Charlie pissed in the paddie, but not
The Apocalpyse Now paddie, crikey!
Wrong country, wrong century, wrong Charlie.
Lie down, croppies, lie down, damned papist pigs!

And in Nord Amerigo, planters,
Puritans, rednecks, roughnecks, denial boones,
Revolt, rebirth, 1760’s spirit.
Ma monees ma own, niggaz stoln far en
Squar – they cotton rail fast, so says
The cracker Carolina don…
Right so, says the merchantman cross clasper,
Rum dealers, rum deal: England Raw!
Raw makes war, the Rock (Plymouth) would shore know!
And those vagabond shoes start walkin’ tall,
Frozen Bluecher’s bastards, blue coats valley,
Forge on a nation, niggers redmen beddammed.
Frankly: Fuck off, for all Congress would care.
Makin’ ‘Mericans, no niggers need apply…
To spite a Mad German’s royal eye.
Washing done: Ah do declare, ma teeth done
Went and rot out on mae.
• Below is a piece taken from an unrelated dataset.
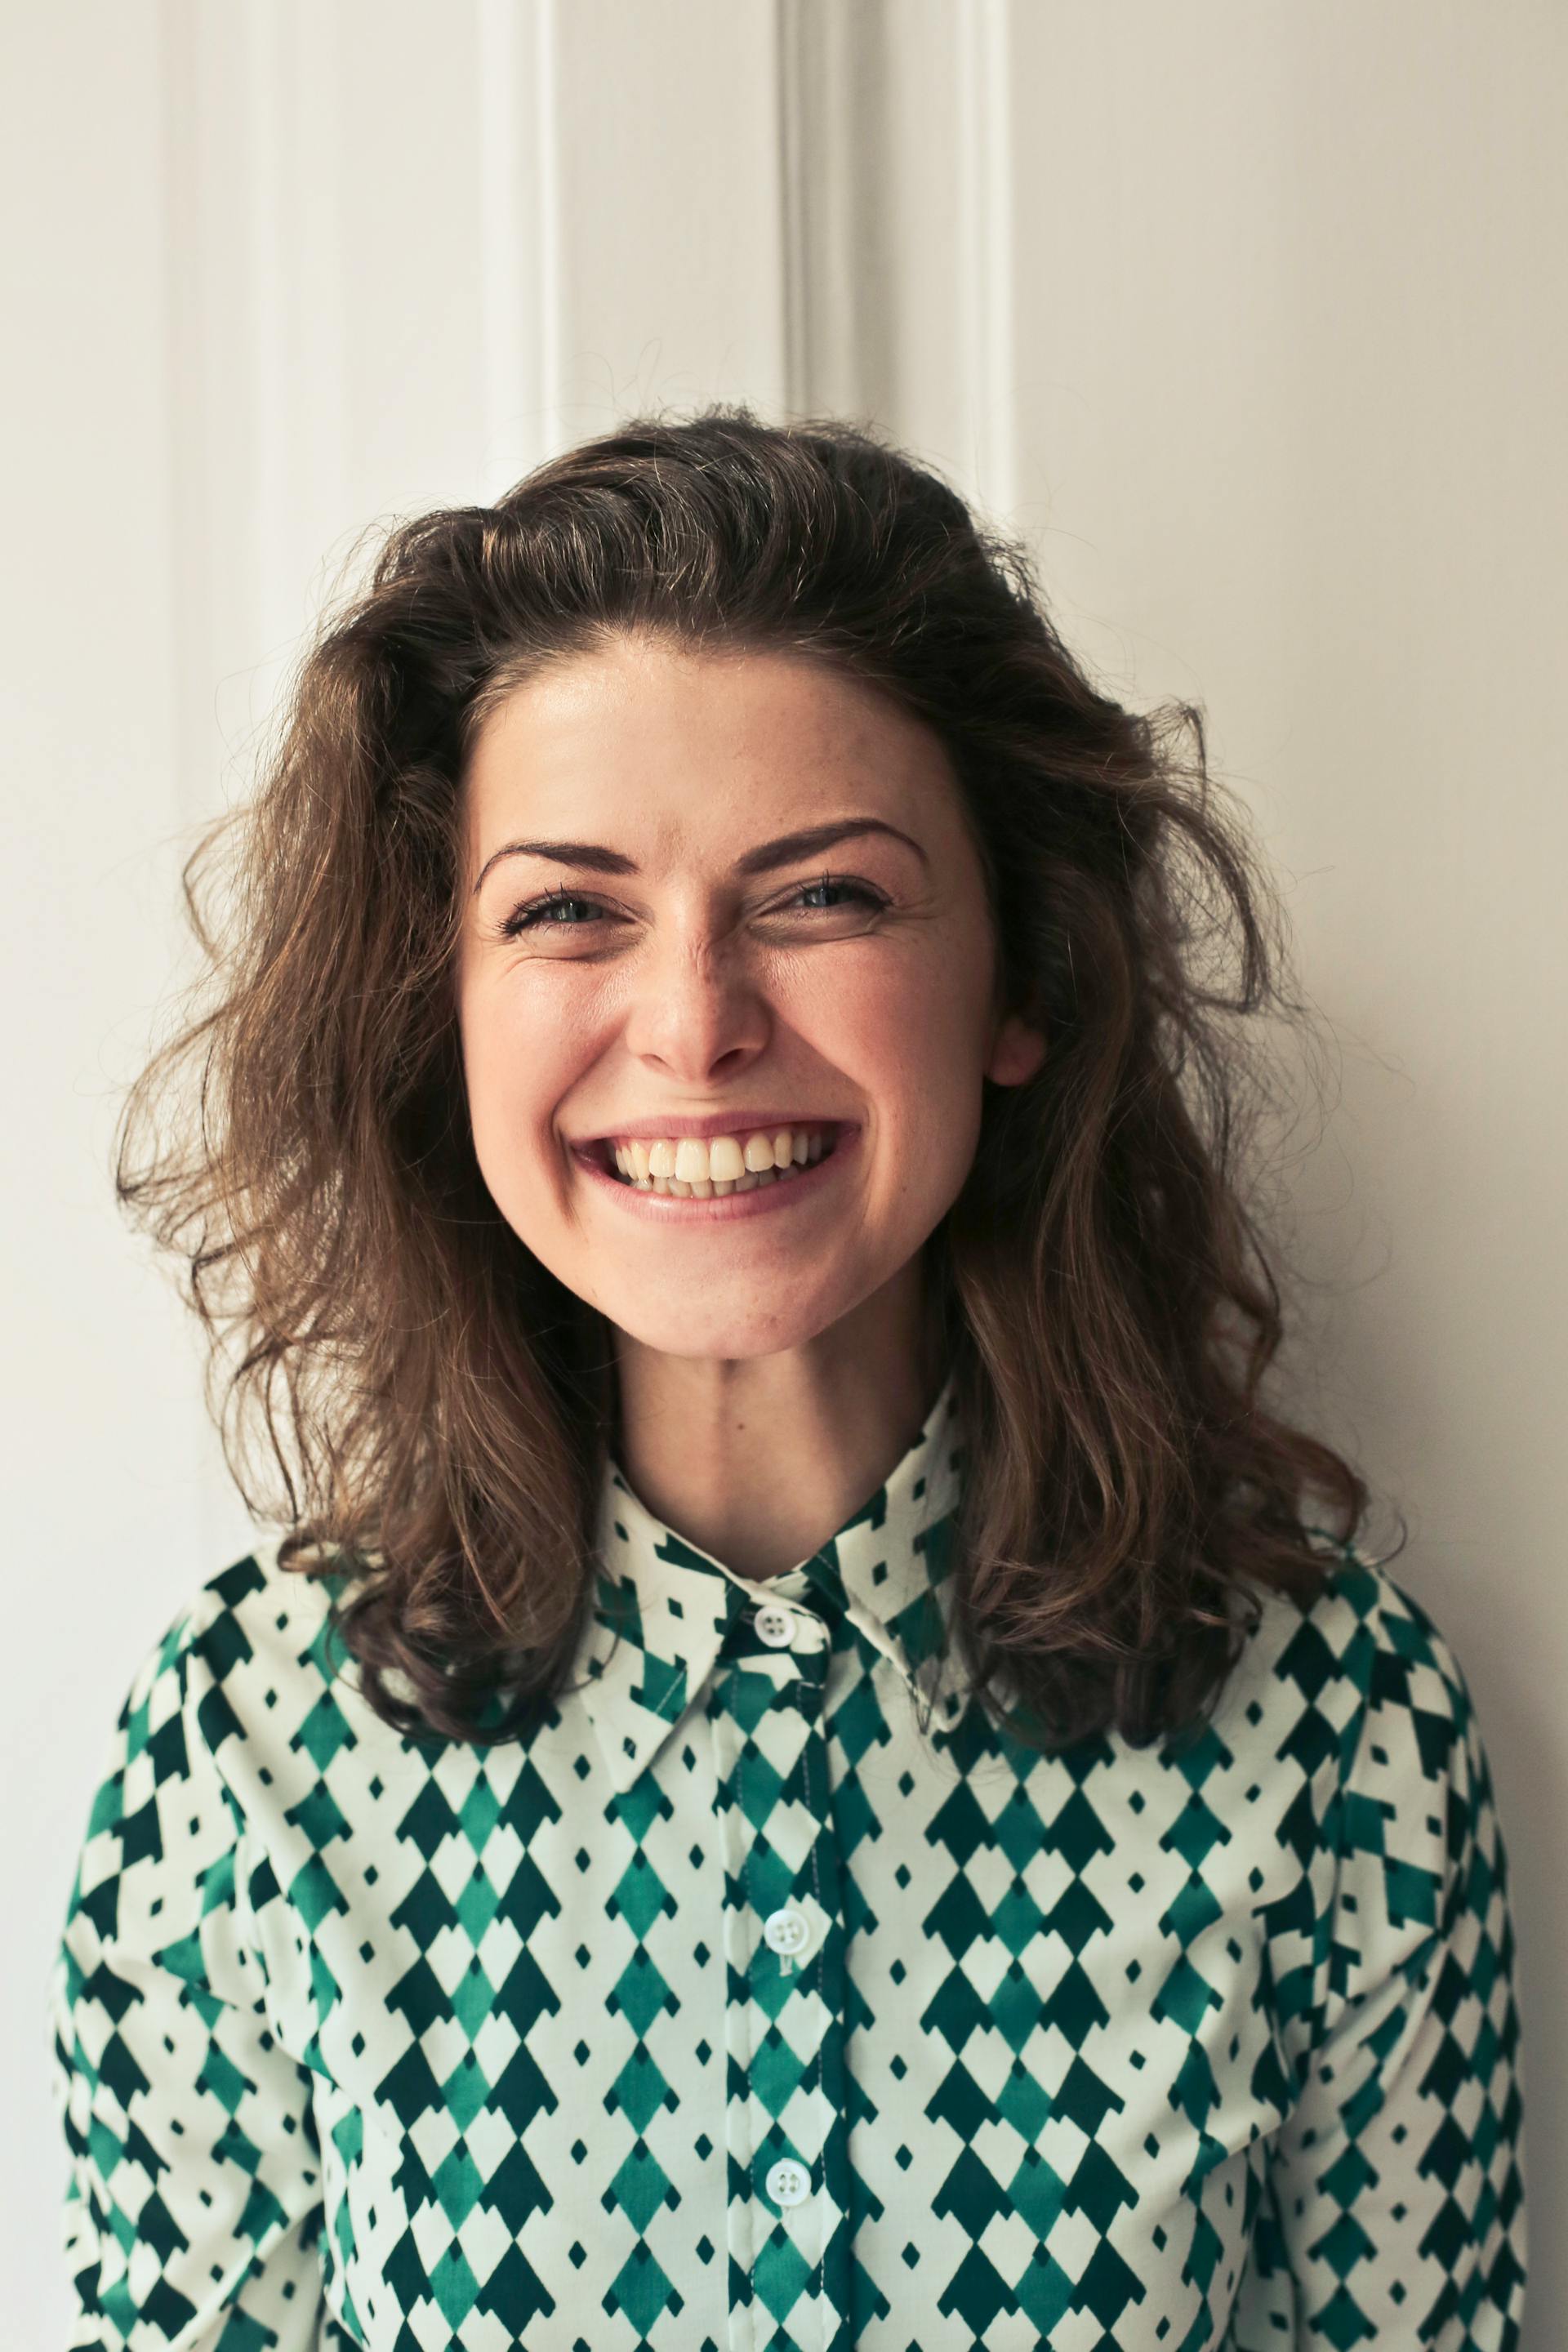 Eine lächelnde Frau | Quelle: Pexels

Gawdammit.
Guess ah’ll be pater por ma new cunt tree.
Constitutional games are the rage,
Strange Speakers and Misters strut the new stage.
Ogle on the dollar, the seal, no cross.
To think it might have been a dammed turkey.
Oh imperial clucker, gobble all
And well this new amerigo round,
From sure to shining sure, complacent
In the many fast destinies of
A swindling crew who never knew dolors
That they might not take or screw.

Interlude

And here the parle’s parse, divide, separate
Across the green Atlantic Divide
Which Melville’s Great White Dick will fiercley ride,
Chasing after Hawthorne’s Puritan hide.
While Nelson and Napoleon get cross.
Coleridge, Wordsworth, smoke opium with pride,
Kooky khans all, romans, prudence, condemned.
Emerson! emerson! The water’s fine!
Po’ man in the south, raven rabies mad.
There’s more to go, trans zen dance; the wide world.

Amerigo Round

And Loose Anne, Jeff bought her sweet valleys cheap,
Though he dunks “denuts en dark coffee” with sweet
Sassy Sally Hemings, hemming, hoing:
Ain’t no thing but the chickenwing.
No more grits, no more chittlins for her an
Them creme kolor chilluns, they had good food,
For Sally learned to eat some lean white meat.